The economic viability of CCUS, including non-financial measures such as avoided GHG emissions, hinges on the cost-effectiveness of capturing carbon.
• Regional positioning: Malaysia is positioning itself as a regional CO2 storage hub, leveraging its abundant storage resources. This strategic move is expected to attract industries aiming for net zero emissions, enhancing capital efficiency and fostering synergies.
• Cost-effectiveness of technology: Handling CO2 in the context of CCUS involves significant advancements and scaling up of existing technologies used across industries. While traditional CO2 management in oil and gas has laid the groundwork, the sheer volumes involved in CCUS necessitate modifications and enhancements that would require additional capital investment and initial higher operating costs during the early stages of the project.

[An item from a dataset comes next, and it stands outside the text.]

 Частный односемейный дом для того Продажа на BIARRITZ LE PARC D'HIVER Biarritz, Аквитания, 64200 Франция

However, these costs are anticipated to decrease over time as the market grows and technologies advance. A prime example of this trend is the notable reduction in CO2 capture costs in power generation. From the first to the second large-scale CCUS facility, these costs have decreased by 35% over the last decade, indicating a positive trajectory towards more cost-effective carbon capture solutions.
• Policy and regulatory support: Effective policies and regulations are crucial for accelerating the adoption of CCUS technologies. These frameworks are often complex, involving environmental, social, economic and technical considerations.

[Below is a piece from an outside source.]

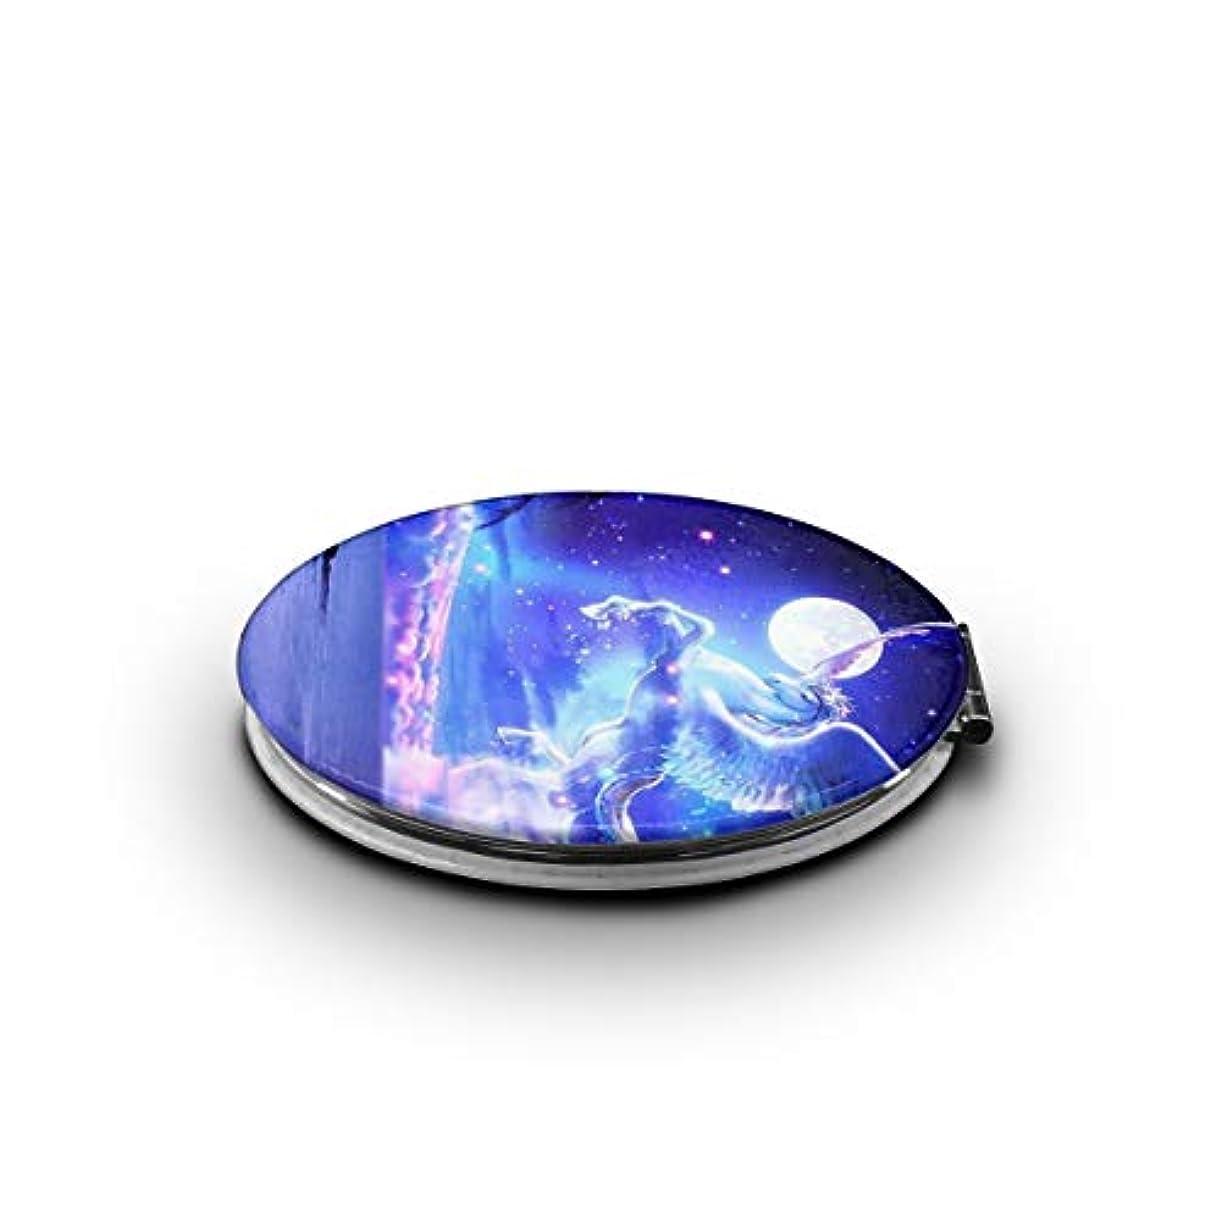 ばかげた国内の赤字携帯ミラー ユニコーン 天馬 きれい 夜空ミニ化粧鏡 化粧鏡 3倍拡大鏡+等倍鏡 両面化粧鏡 楕円形 携帯型 折り畳み式 コンパクト鏡 外出に 持ち運び便利 超軽量 おしゃれ 9.0X6.6CM

However, the urgency of climate change has led to greater global collaboration, enabling the exchange of best practices across various industries. Insights from successful strategies in other areas such as pollution control can help guide and expedite the identification of viable business models for CCUS.

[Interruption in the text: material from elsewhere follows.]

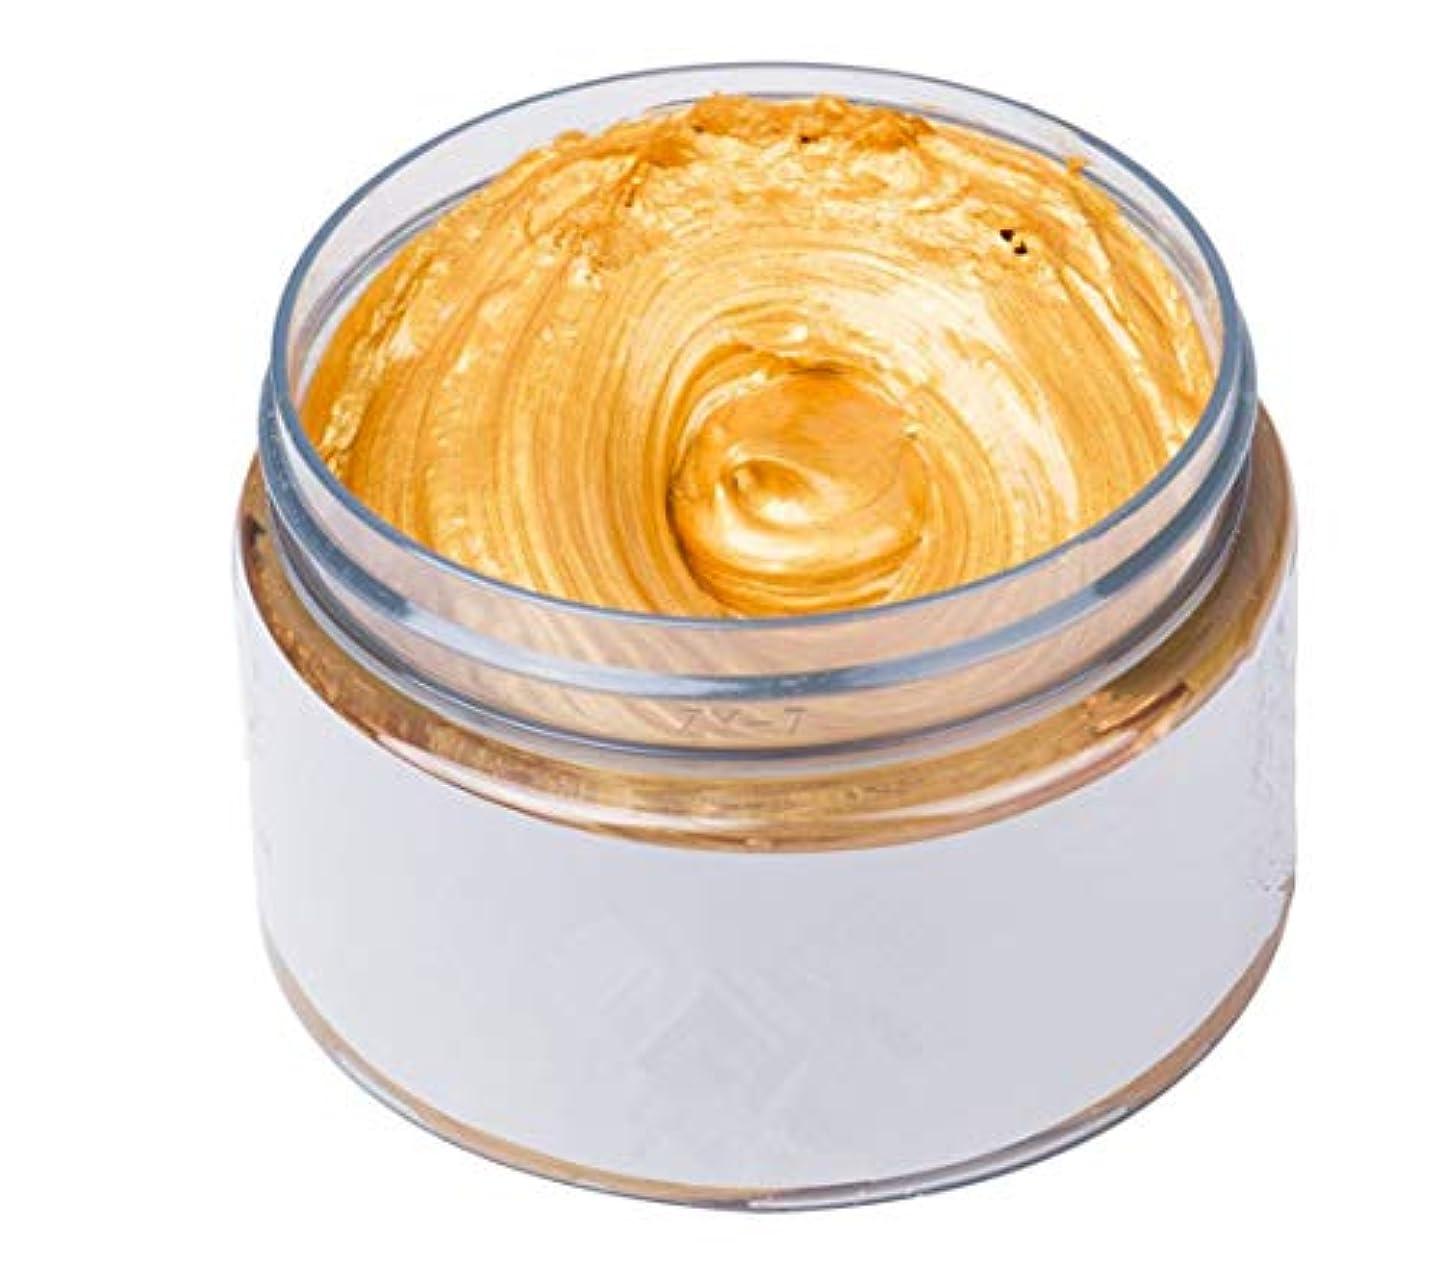 適格ペフ仲良しカルドール ワックス カラーバター ワンタイムヘアカラーの泥 ヘアクリーム 120g カラーリング ヘアトリートメント 全7色 (ゴールド)

Policymakers can study practical implementations from other countries to develop carbon pricing frameworks and design mechanisms that encourage private sector participation and ensure the safe and effective operation of carbon storage sites, either underground in its supercritical, liquid state or through mineralisation.
• Public engagement and education: Raising public awareness about the benefits of CCUS is essential for social acceptance. Currently, many people may view CO2 as a waste product and a danger. Educating the public on how CCUS mitigates climate change, enhances energy security and creates economic opportunities can shift this perception. Highlighting successful projects and their environmental benefits can build trust and support for CCUS initiatives.
CCUS represents a critical technology for Malaysia’s energy transition and climate mitigation strategy. Despite challenges, the potential environmental and economic benefits justify the investment. Industry leaders have opportunities to invest in CCUS technologies and pilot projects to demonstrate viability, backed by financial institutions, policy and regulatory support.
Public-private partnerships can be a route to increase participation in the sector. For the private sector, this represents an opportunity to capitalise on demand for CCUS as a solution and invest in pilot projects to demonstrate viability. The public sector will be able to observe inflows of foreign direct investment and stimulate job growth in value chains that support CCUS.
CCUS is not an excuse for continued high emissions, but rather one of the tools available to support a pragmatic net zero response, alongside efficiency improvements, growth of new green businesses and carbon offsets. Innovation and having a unified approach will be crucial in tackling climate change while ensuring a sustainable future for all.
Jasmine Voo is director of capital projects and infrastructure at PwC Malaysia. Yves De Laet is the Southeast Asian regional director at THREE60 Energy.